Eight targets were defined on the periphery of the mock prostate in the phantom. Each target was randomly picked up within each of segments A-H as indicated above. The diameter of the mock prostate was approximiately 40 mm.

2.5. Clinical Studies

We conducted an investigation during initial clinical studies to assess the safety and feasibility of the methods developed. Ten men (age range: 50–73 y.o.; weight range: 147–211 lbs.) underwent targeted core biopsy of the prostate in the wide-bore 3T MRI scanner. The study protocol was approved by the Brigham and Womens Hospitals Institutional Review Board prior to patient enrollment, and was HIPAA compliant. The patients with suspicious foci were eligible for the study after undergoing a multi-parametric 3T MRI examination with endorectal coil. All patients had elevated serum prostate specific antigen (PSA) and a dominant index lesion (most suspicious for cancer) on recent diagnostic 3T prostate MRI. Index lesions were depicted as a focus of decreased T2 signal on T2-weighted imaging (T2WI), restricted diffusion on diffusion weighted imaging (DWI), and early arterial phase enhancement with rapid wash-out on dynamic contrast enhanced (DCE) sequences. Clinical indications included: inability to obtain transrectal ultrasound (TRUS) guided biopsy due to total colectomy (N = 1) or inflamed ileal J-pouch (N = 1), multiple prior negative TRUS-guided biopsies (N = 6), prior prostate brachytherapy and MRI focus suspicious for recurrence (N = 1), and MRI focus suspicious for higher grade tumor than suggested at prior TRUS-guided biopsy (N = 1). Informed consent for the procedure was obtained from each subject after the nature of the procedure and the potential hazards had been fully explained. The system configuration and flow of data before and during the procedure are shown in Figure 5. The workflow of the procedure was as follows:

Figure 5.

Figure 5

The diagram shows the system configuration and the data flow before and during the procedure. For preprocedural planning, which took place a few days before the procedure, preprocedural MRI data, including T2W, DCE, and diffusion-weighted images were retrieved from the hospitals picture archiving and communication system (PACS).

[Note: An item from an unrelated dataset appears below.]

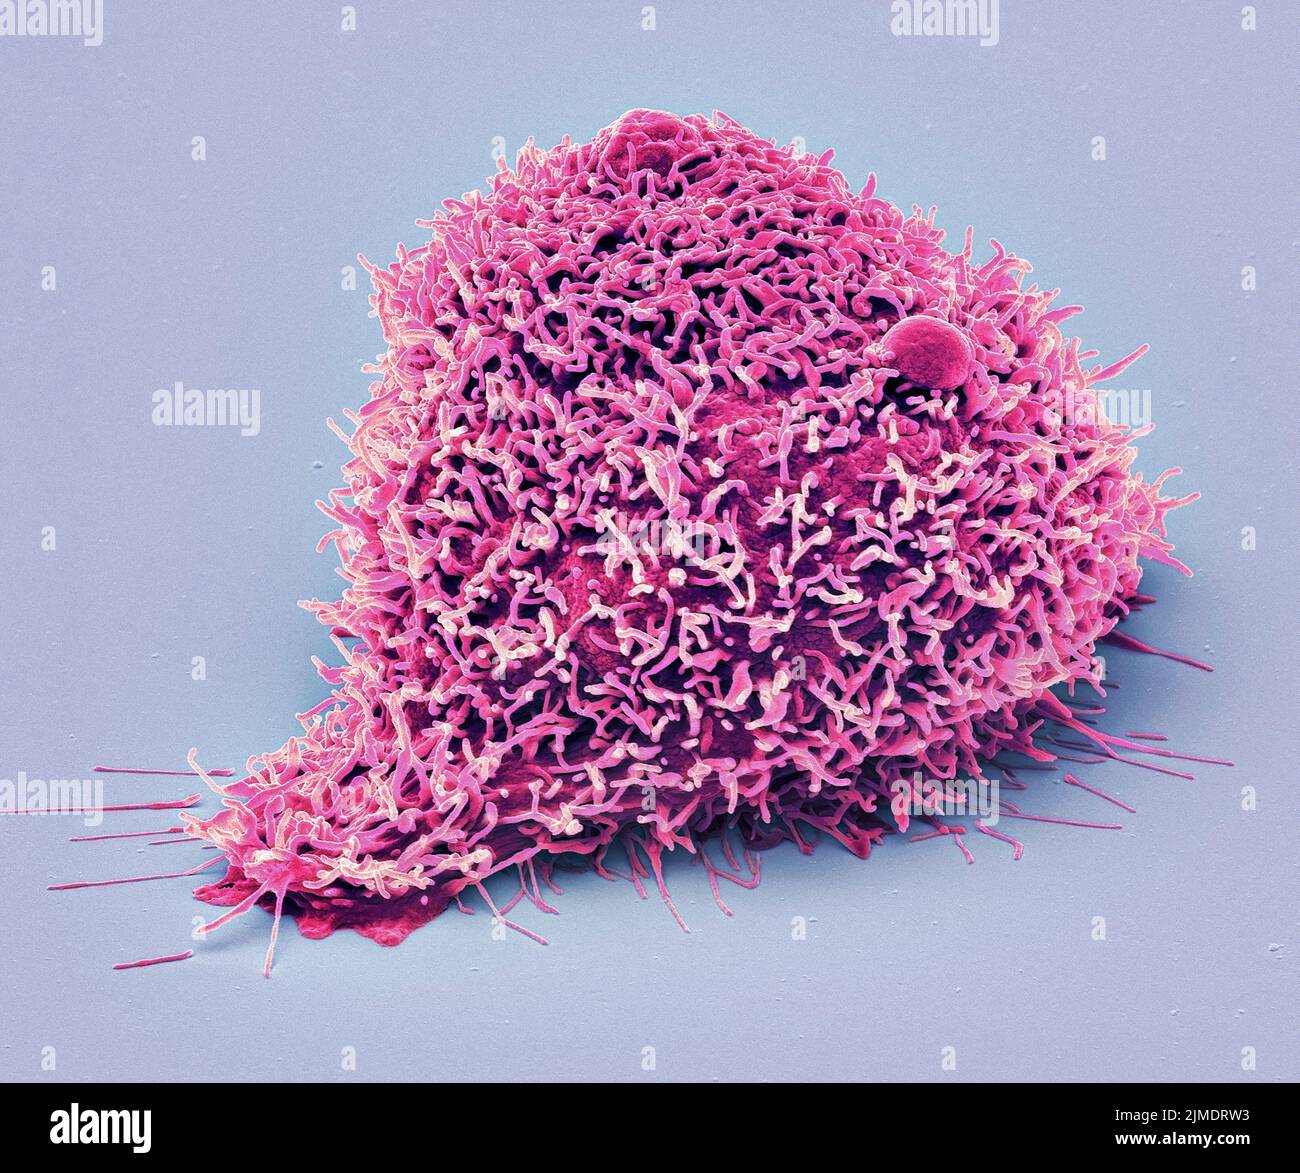 Kidney cancer cell, SEM Stock Photo

The radiologists identified the suspicious foci as biopsy targets based on the preprocedural MRI. During the procedure, intraprocedural T2W MRI acquired by the MRI scanner in the operating room was transferred from the Host Workstation to the Navigation Workstation for intraprocedural planning and the Image Processing Workstation for registering the preprocedural MRI and the biopsy targets to the intraprocedural MRI. The registered preprocedural MRI and registered targets were returned to the Navigation Workstation for the radiologists review and calculation of the template hole index and depth for guiding the needle.

  • Preprocedural Planning. Two radiologists reviewed preprocedural multi-parametric MRI exams, consisting of T2-weighted MRI, pharmacokinetic parameter maps obtained from dynamic contrast-enhanced MRI (DCE-MRI), and apparent diffusion coefficient (ADC) maps calculated from diffusion-weighted MRI, to identify suspicious targets. These preprocedural images and the preprocedural targets were stored in the Image Processing Workstation for intraprocedural image registration.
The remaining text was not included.